** Opening EXERCISE MATERIALS block **
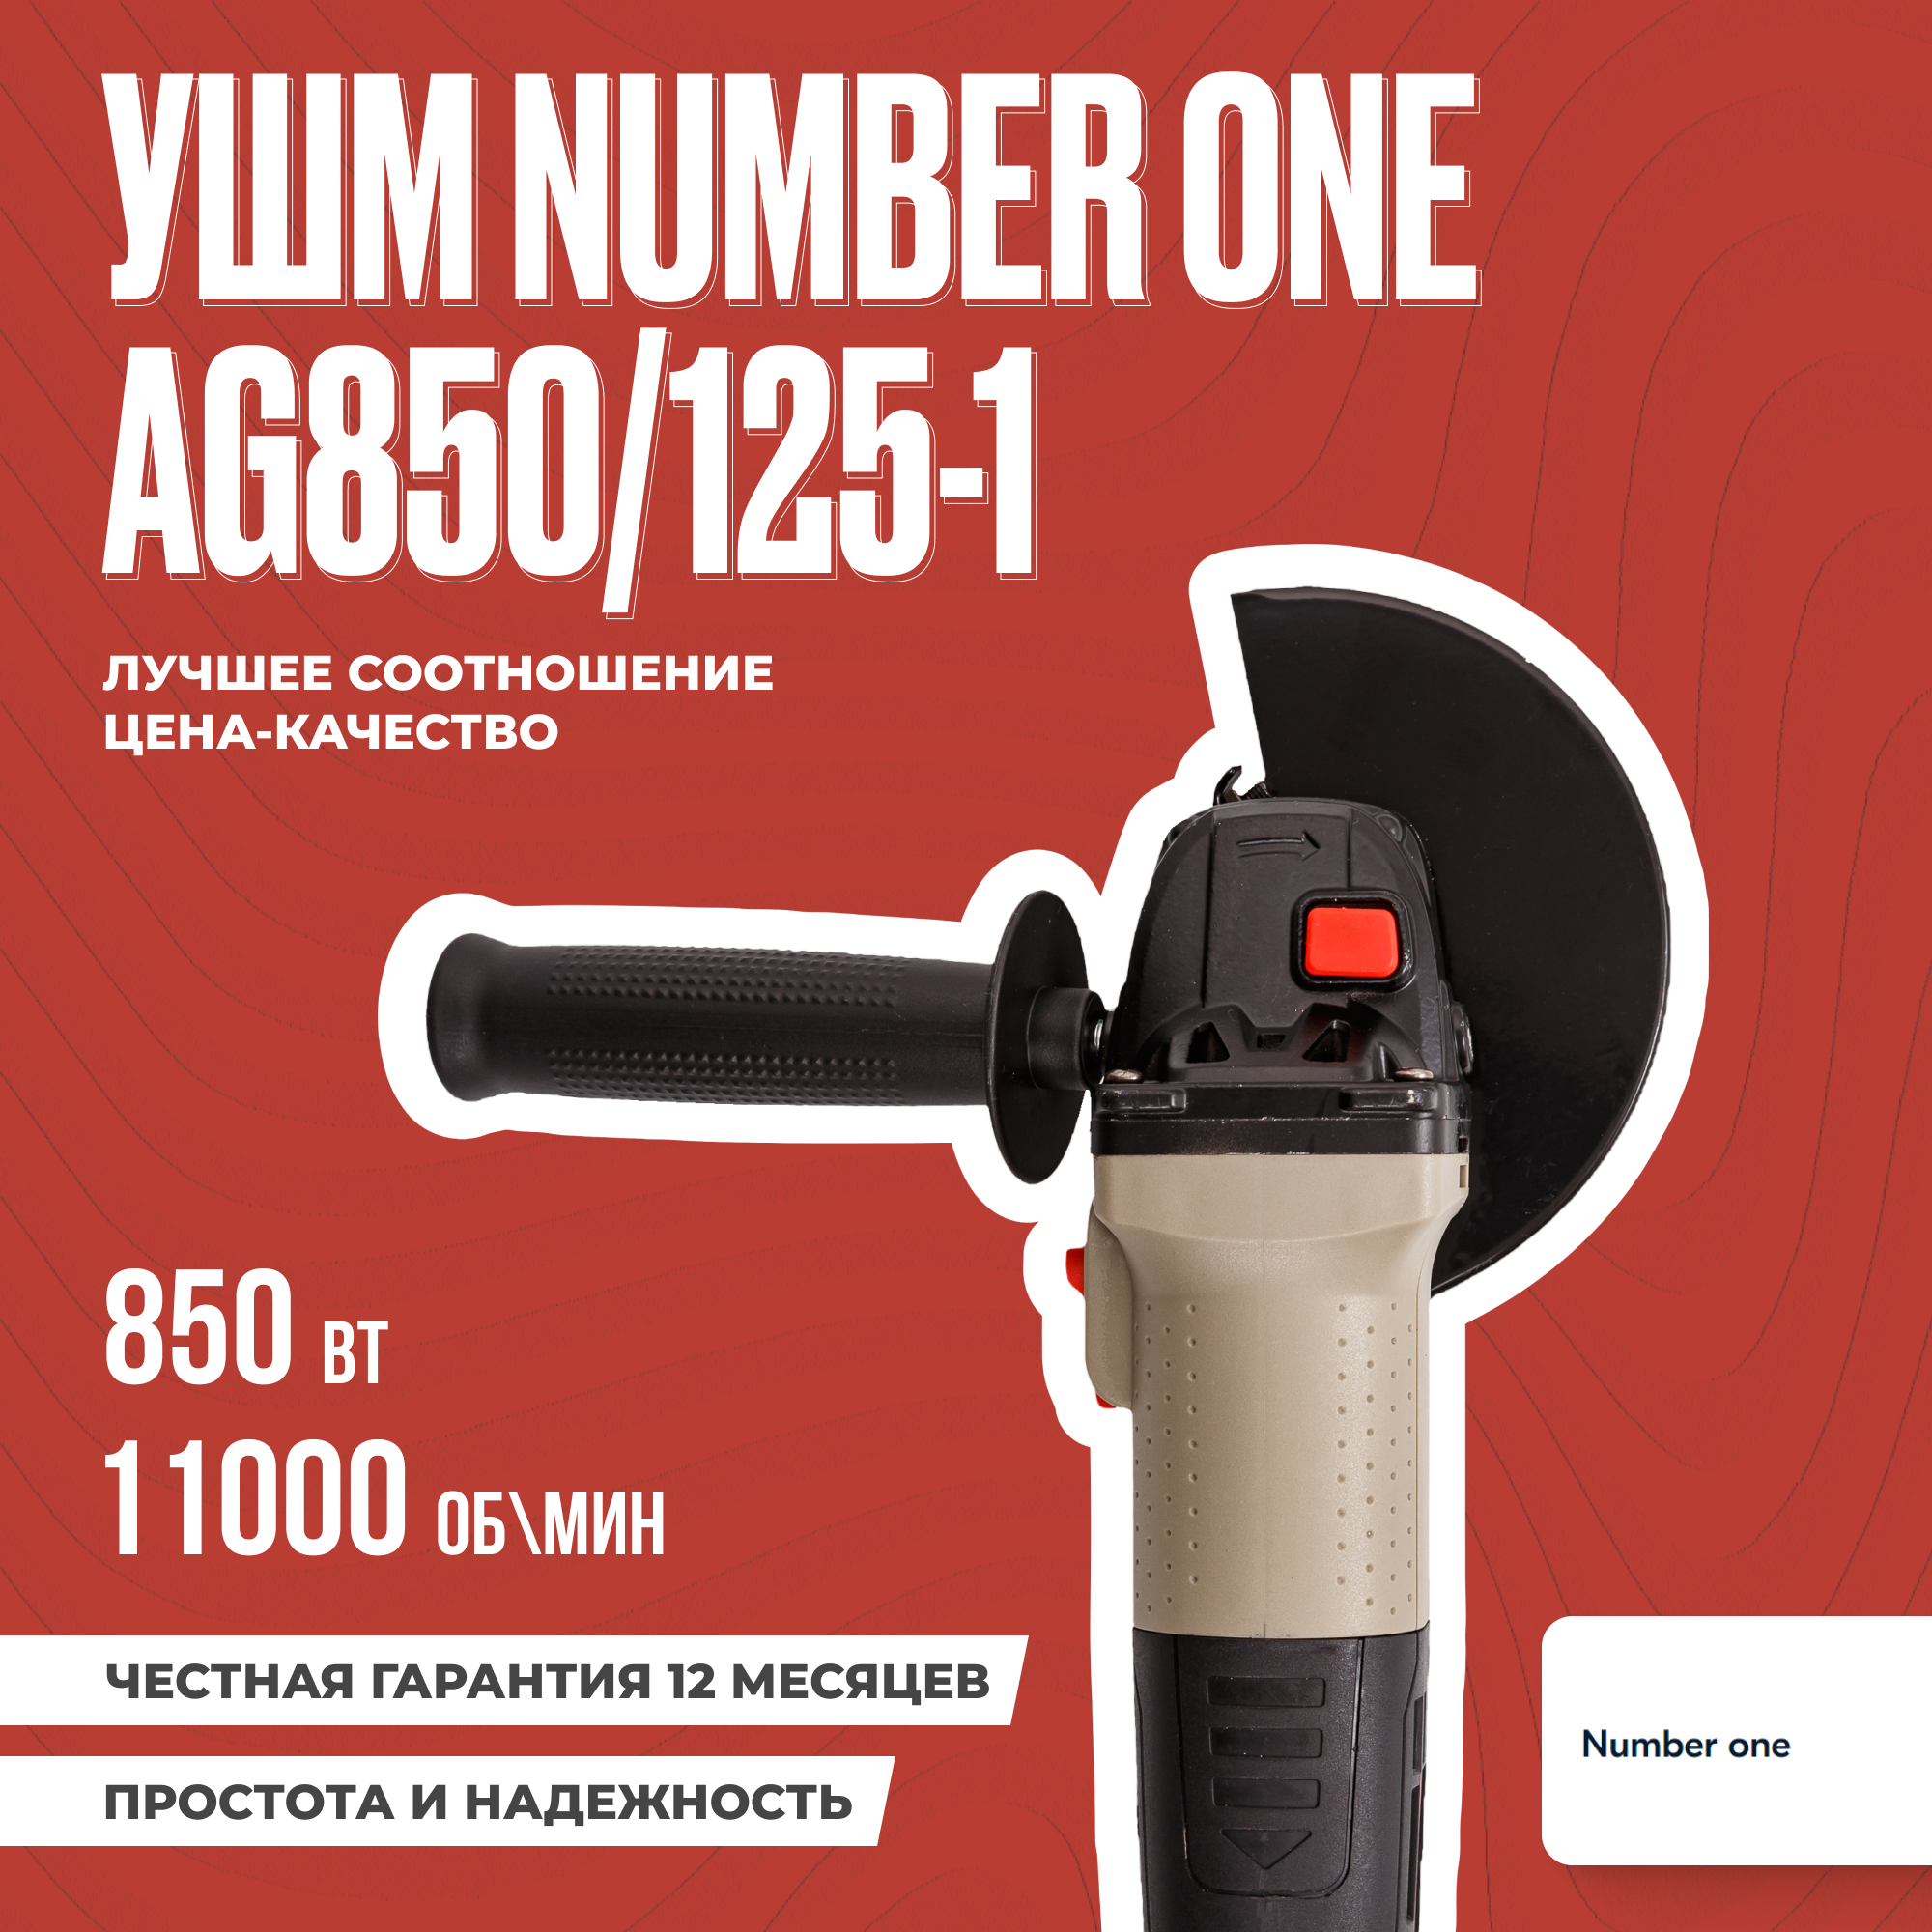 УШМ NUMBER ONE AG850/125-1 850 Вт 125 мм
** Closing EXERCISE MATERIALS block **
** Opening EXERCISE MATERIALS block **
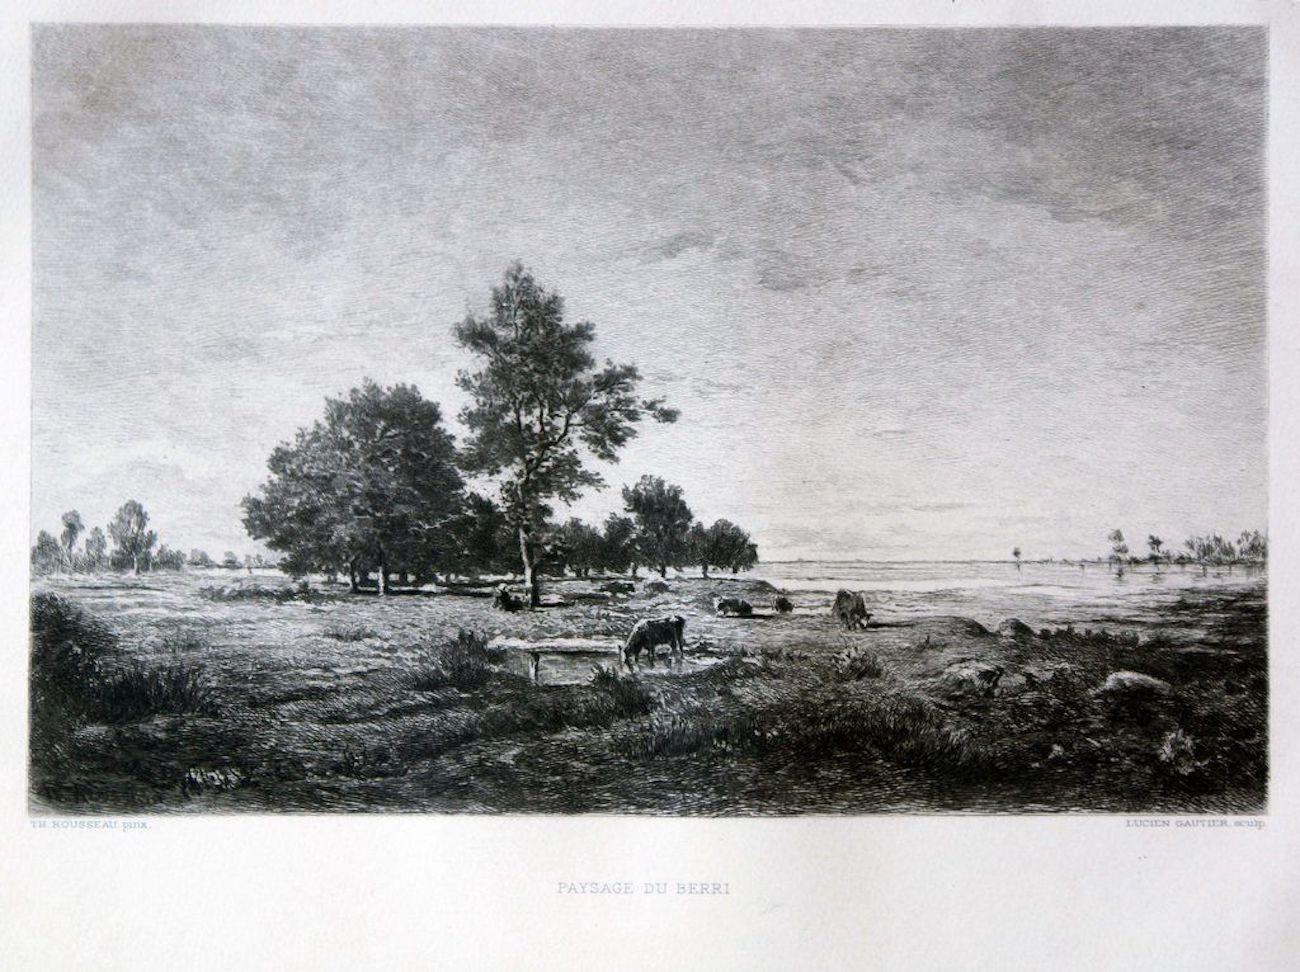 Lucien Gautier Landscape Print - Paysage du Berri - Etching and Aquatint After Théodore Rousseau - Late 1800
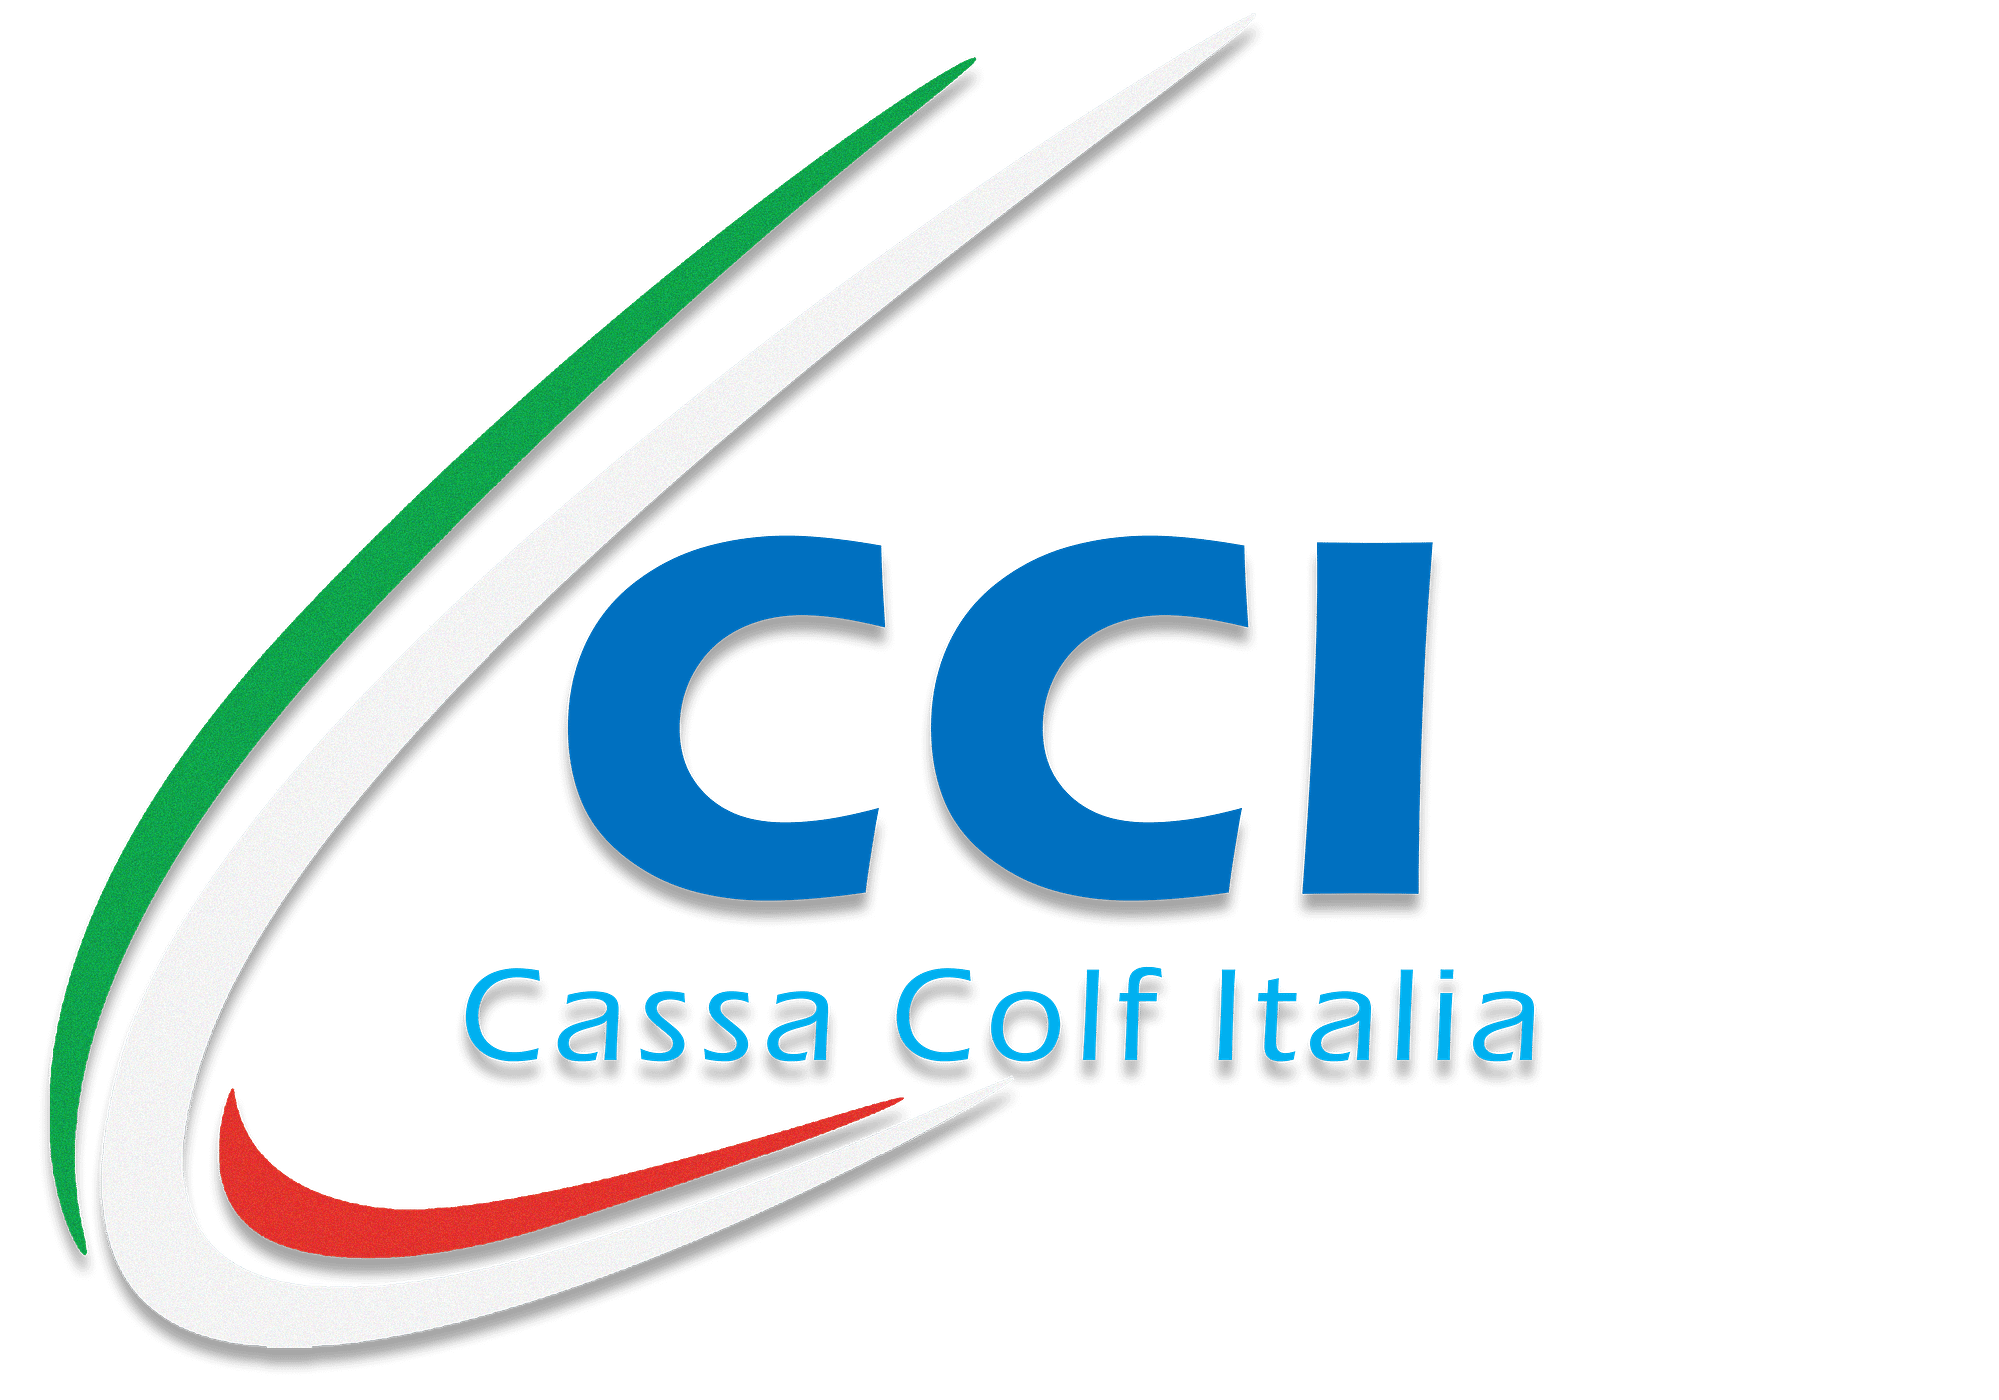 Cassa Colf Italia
** Closing EXERCISE MATERIALS block **
** Opening EXERCISE MATERIALS block **
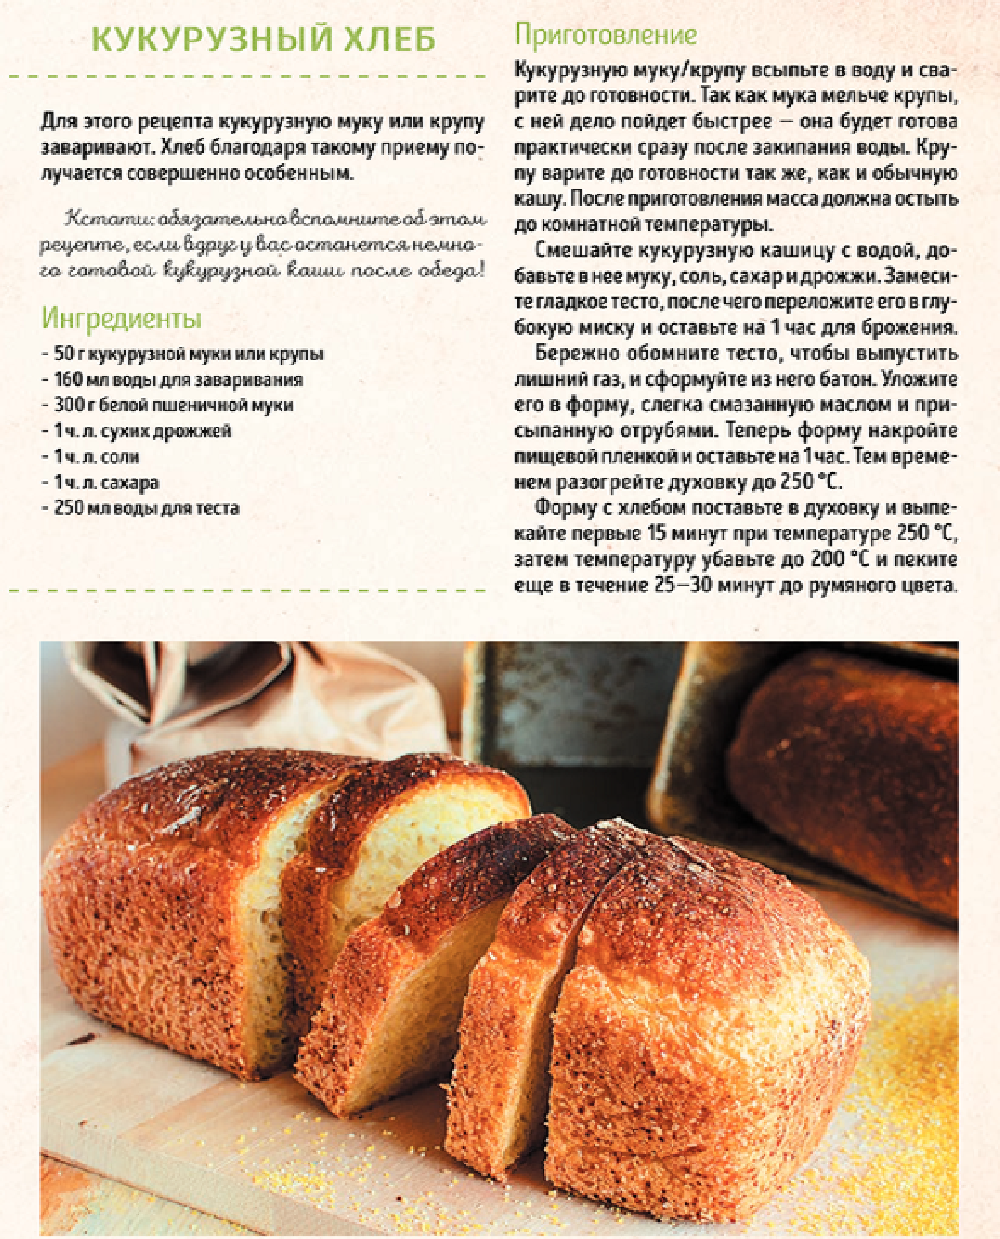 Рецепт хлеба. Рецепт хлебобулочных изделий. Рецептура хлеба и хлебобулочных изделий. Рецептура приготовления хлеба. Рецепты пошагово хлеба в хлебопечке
** Closing EXERCISE MATERIALS block **
- _WHAT NEEDS TO BE DONE_: Output only the lines above from the one containing "Lucien Gautier Landscape" to the one containing "Cassa Colf Italia", both included, exactly as written and with no pictures.

- _ANSWER BELOW_:
 Lucien Gautier Landscape Print - Paysage du Berri - Etching and Aquatint After Théodore Rousseau - Late 1800
 Cassa Colf Italia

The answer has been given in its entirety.